Accurate Food Delivery Time Forecasting
Big Data analytics, driving the food industry in profitable growth.
Businesses are becoming more and more competitive day after day. The food industry is no better. Getting our foods delivered at the doorstep anytime anywhere is easier than ever. Thanks to the modern incredible food delivery apps. All we need to do is just download the app, choose our favorite food, place an order and make the payment right from our mobile phones.
Now it’s time for the delivery team to deliver the piping hot food as quickly as possible. Late or lukewarm food leads to bad order. Even small misconceptions of 5 to 10 minutes delay can make a big difference. So it’s imperative to predict the accurate delivery time to stay ahead of the competition.

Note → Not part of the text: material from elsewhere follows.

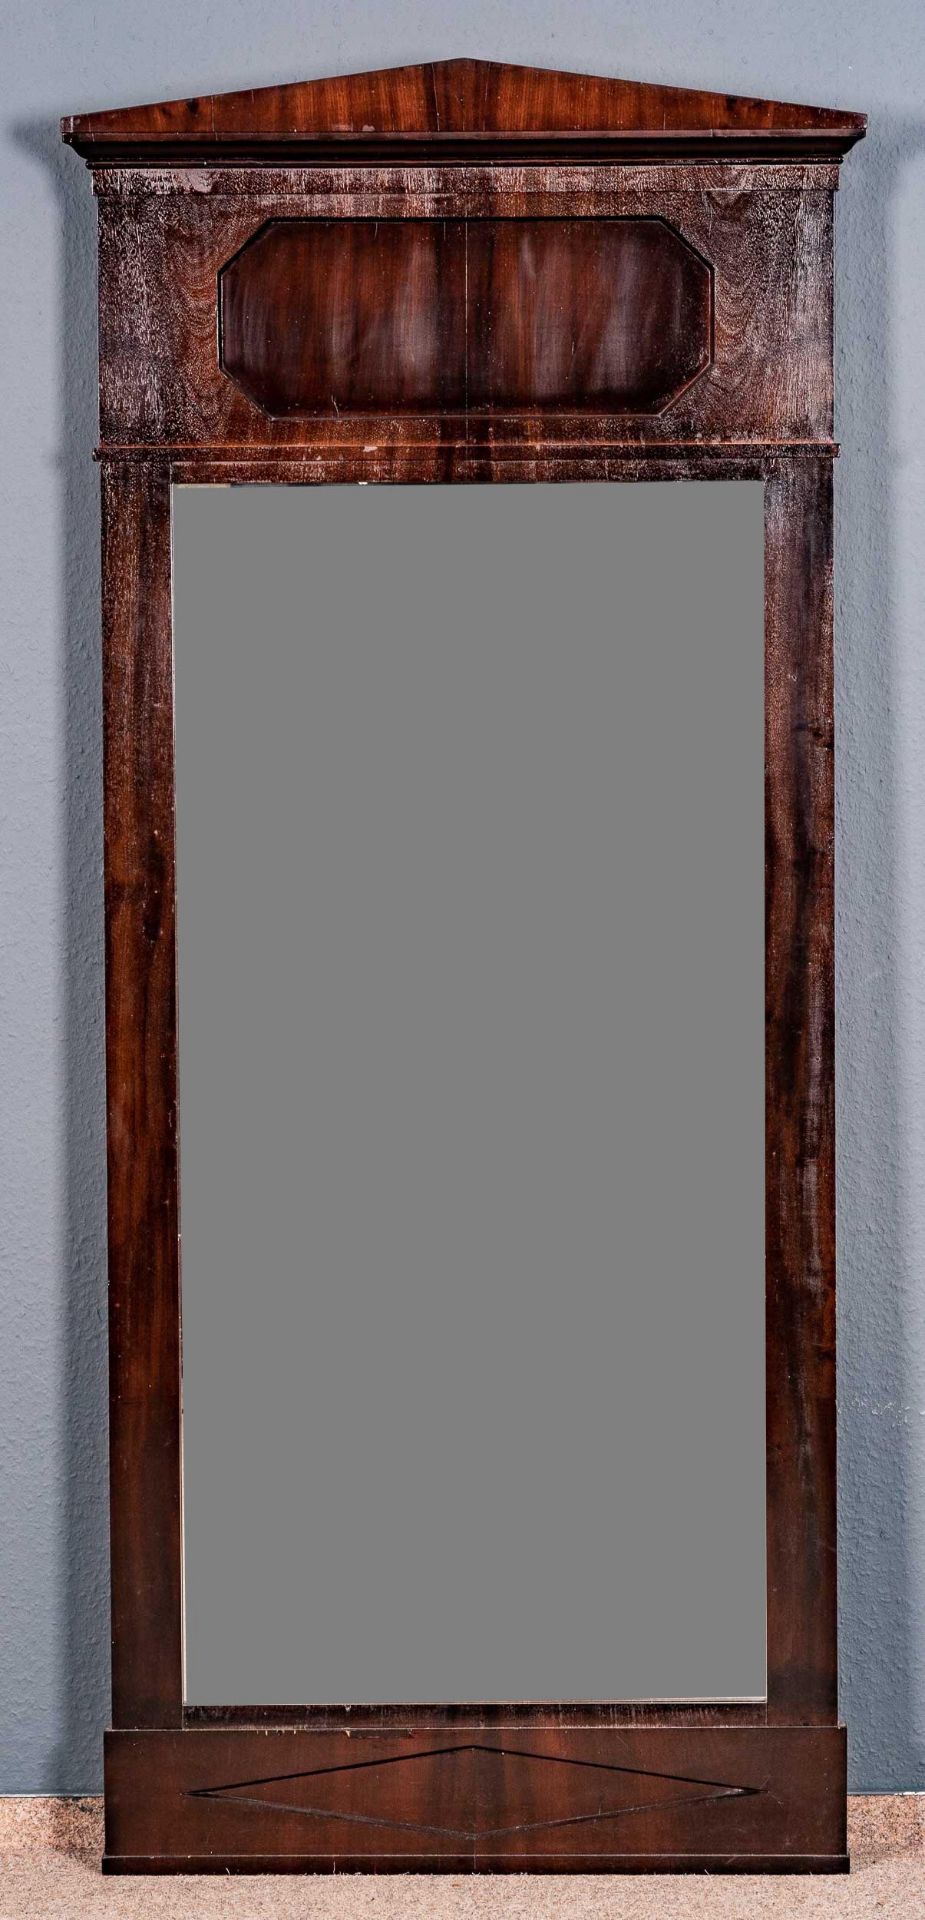 Großer Spiegel, Mahagoni massiv & furniert, Nadelholzkorpus, norddeutsches Biedermeier um 1830. Unr

With this objective, a U.S based client who acts as a leading player in the food service sector approached Smackcoders. They wanted us to offer an accurate solution to predict the delivery time that improves the customer satisfaction and reduce churn rates.
Through analyzation of the client requirements, our experts decided to go with today’s leading technology, BIG DATA. As it helps to collect, process and offer an accurate estimation of the delivery time. This reduces the overall drop rate as the initial prediction is accurate and that the delays are communicated effectively.

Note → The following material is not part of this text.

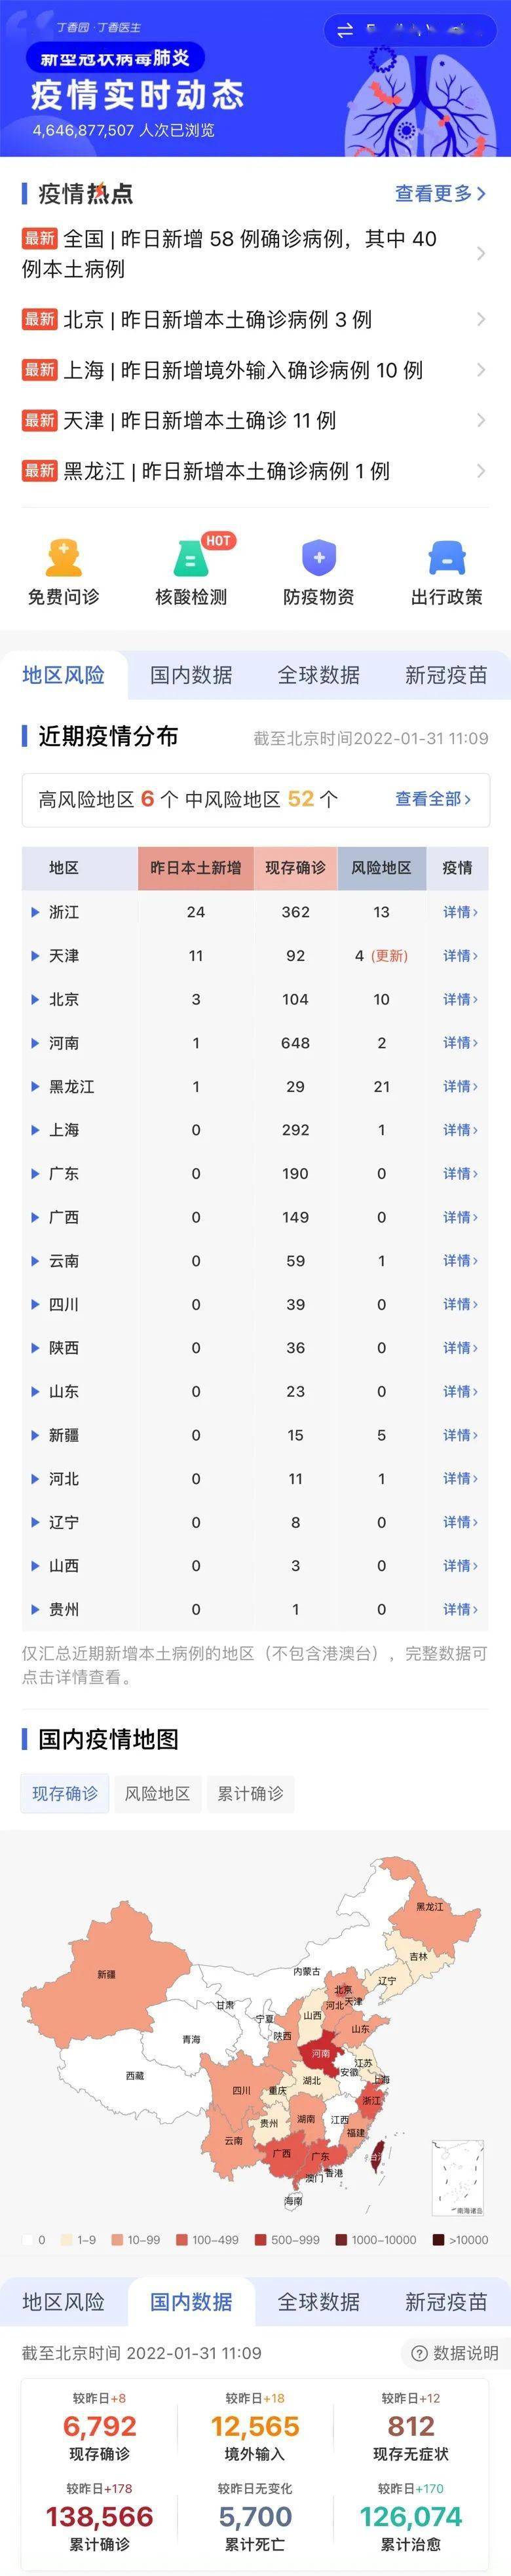 1 月 30 日新增本土确诊 40 例，北京问责冷链传播疫情问题相关人

We built a model which will take the food delivery details as input and outputs the accurate delivery time. Initially, we looked at the delivery process it involved 3 stages,
- Pick up the food from the supplier(restaurants).
- Travel from the supplier to the customer place.
- Deliver the food to the customer.
To predict the delivery time, we combined all the above time interval (i.e. Pick-up time, Point-to-Point time, Delivery time). So as an input, typically we have three categories: restaurant info, customer details, and previous delivery results.
The calculations for pick-up and delivery time is comparatively easier than point-to-point time. As estimating the time travel from the supplier to customer location is a tricky task. It is influenced by a number of factors like there may be a number of routes, traffic conditions that constantly changing, road closures and more.
Luckily, there are a bunch of data points available to help better understand this environment and our expert engineers did a fantastic job to process all these data points and predicted the output.
Combining all together will give the final result as we expected. Now our client has the option to predict the accurate delivery time. This helps the client to see a 3% drop in customer churn rates.